So I claim not any expertise in the market, only that if you are ever thinking of buying, that knowing where the bond market is at, is a useful metric for you as a buyer. For instance Chris S noted that the bond market is following a seasonal pattern in a very concise manner right now. This would indicate to any potential buyer that on a seasonal basis, looking to refinance or obtain a new mortgage may be best when the bond market is in a strong rallying mode. I cannot tell you why it is rallying, (or any of my statements are very very speculative) but I can say with confidence that obtaining a mortgage when the bond market is in a heavy rally is SUBSTANTIALLY advantageous then obtaining a mortgage when the bond market is in the crapper. Note this has no bearing on the home selection or the price of the real estate you want to buy.
The real problem here is the premium that has to be added to the 10 year rate in order to “guess” the current long term mortgage rates. It used to be trivial. Pretty much add 1.25 or so onto the 10 year yield and you could get a very accurate estimate for a conforming 30 yr fixed rate. This 1.25 could be a novice guestimate of what orignators will offer you to get the mortgage. Now the secondary market is so f-d up that the number is about double or even more. If you are out of the conforming range it is even higher. Similarly by the government placing moratoriums on foreclosures and such, spreads widen even further. Why would anyone on the secondary market want to purchase a mortgage from an originator if Uncle Sam says they cannot foreclose if the seller defaults? Even if the defaults are insured by the government the timeline is so long that the investors essentially get no return for however long it takes for something to get done. So all those months the seller is living for free, the investors get crapped on. So the spreads for the secondary market grow.

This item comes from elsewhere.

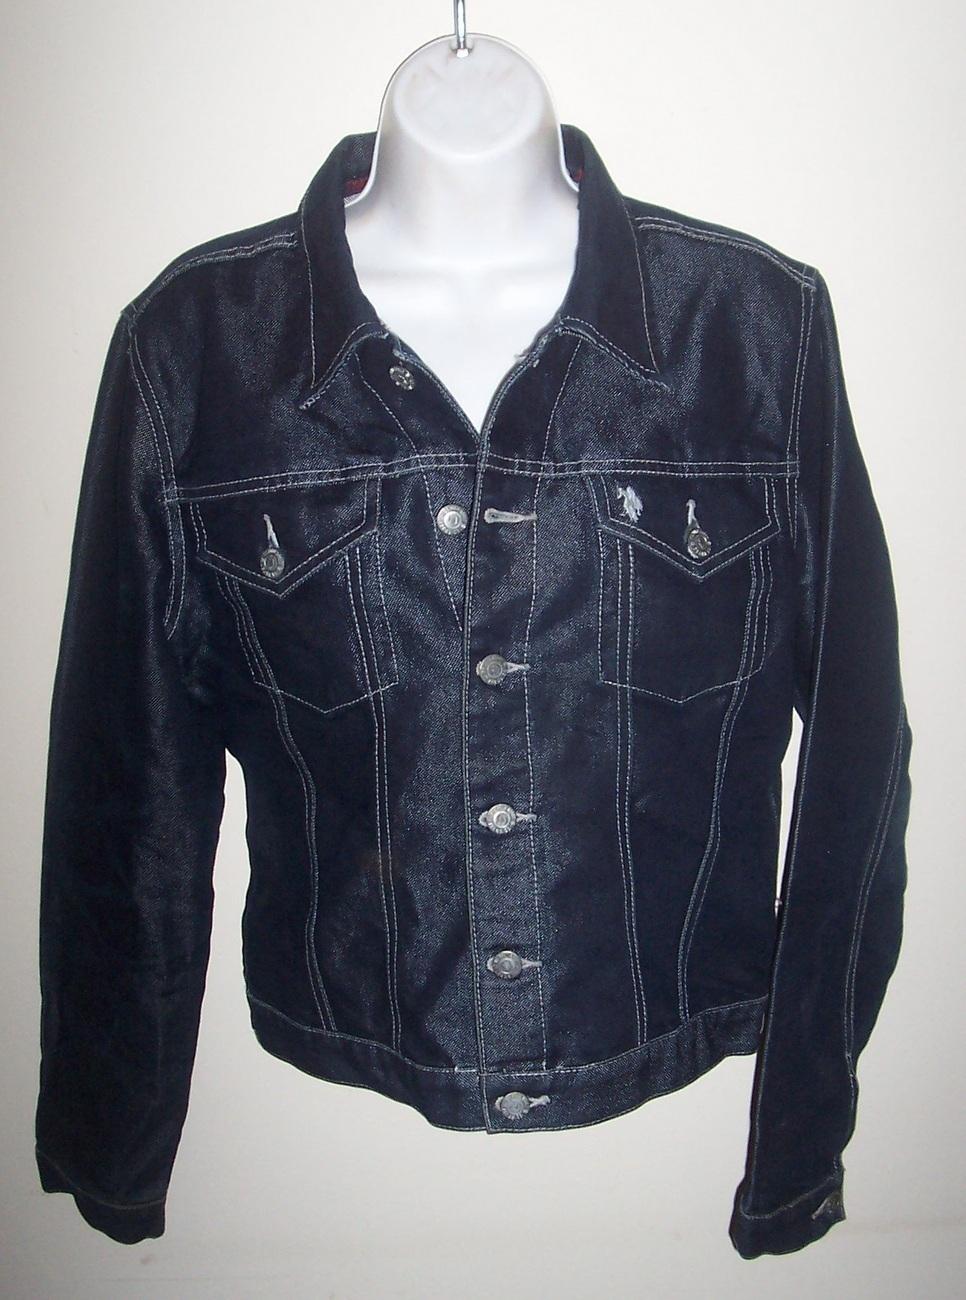 U.S. Polo Dark Blue Denim Jacket Ladies Large image 2
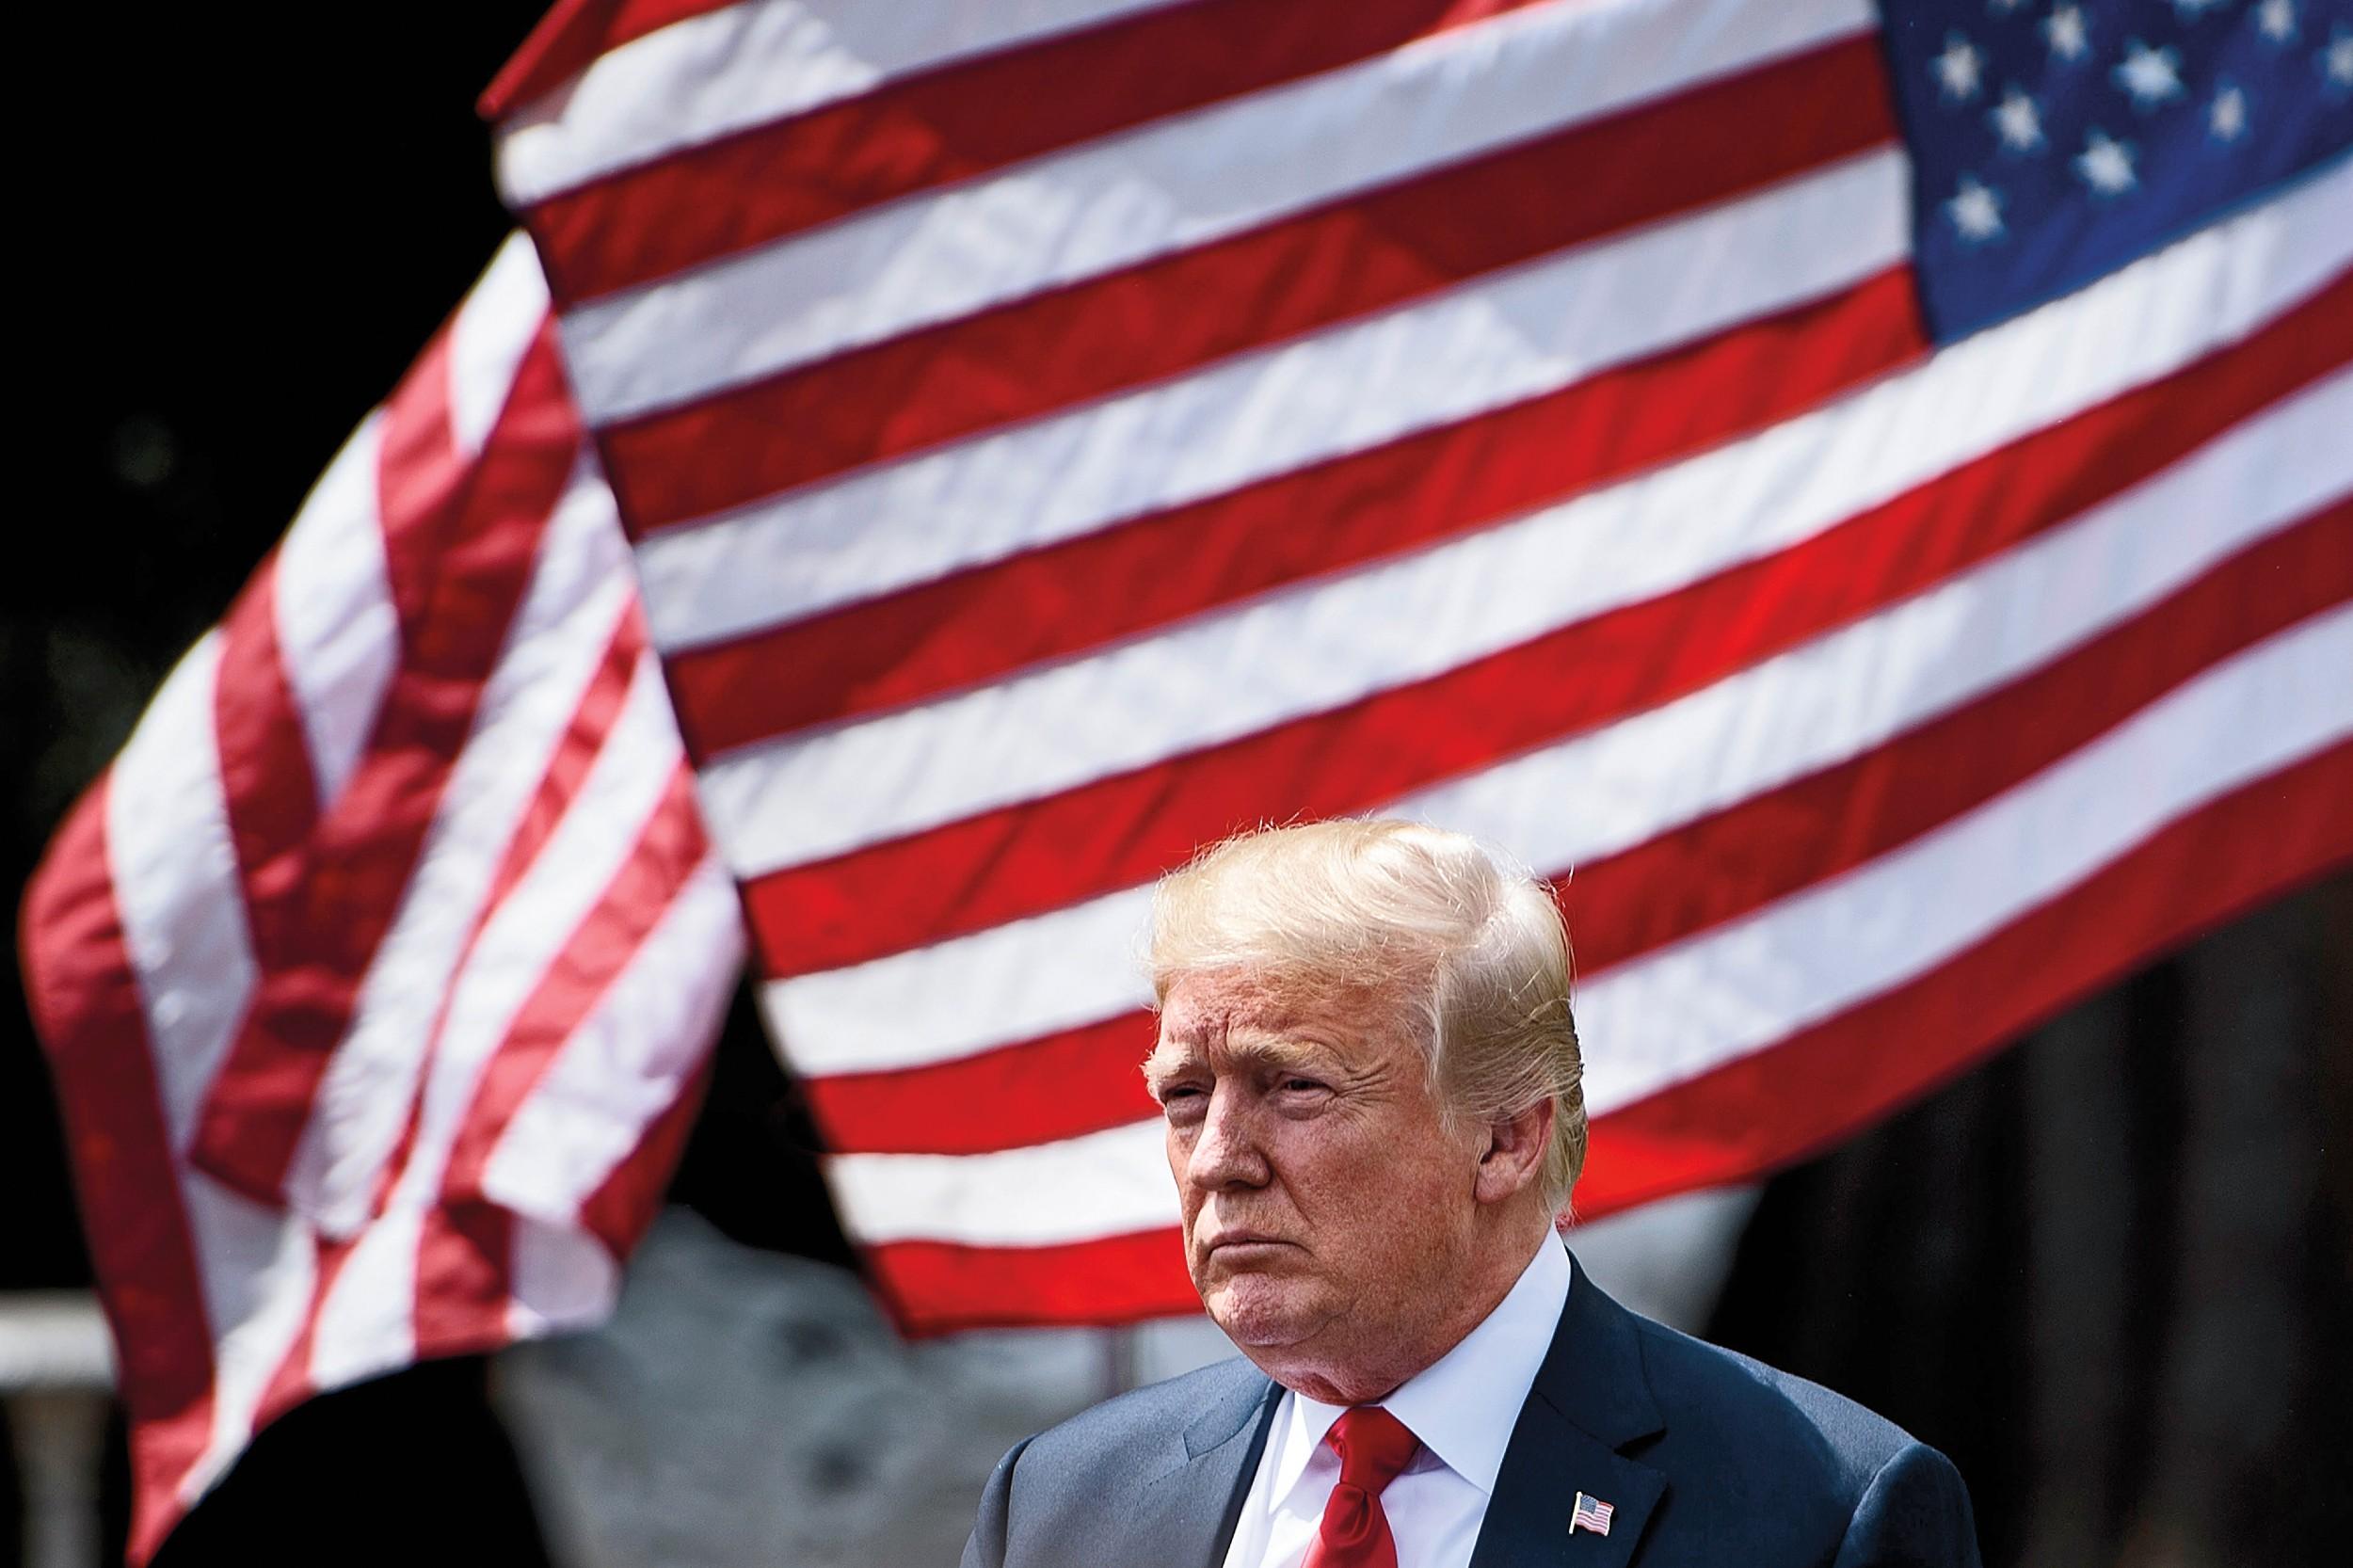 Zamišljeni Donald Tramp ispred američkih zastava (Foto: Brendan Smialowski/AFP/Getty Images)

Your questions about where to get a better return on your money and such are good questions but I have no clue man. I am pretty heavy in cash in short term CDs in case I find a home I like. Anyways, like I said, my postings on the 10 year have nothing to do with investing or trying to predict where the market is going. I simply look at the 10 year yield pretty much every day to advise clients who are close to locking a rate or considering buying.
Sorry if that wasn’t helpful.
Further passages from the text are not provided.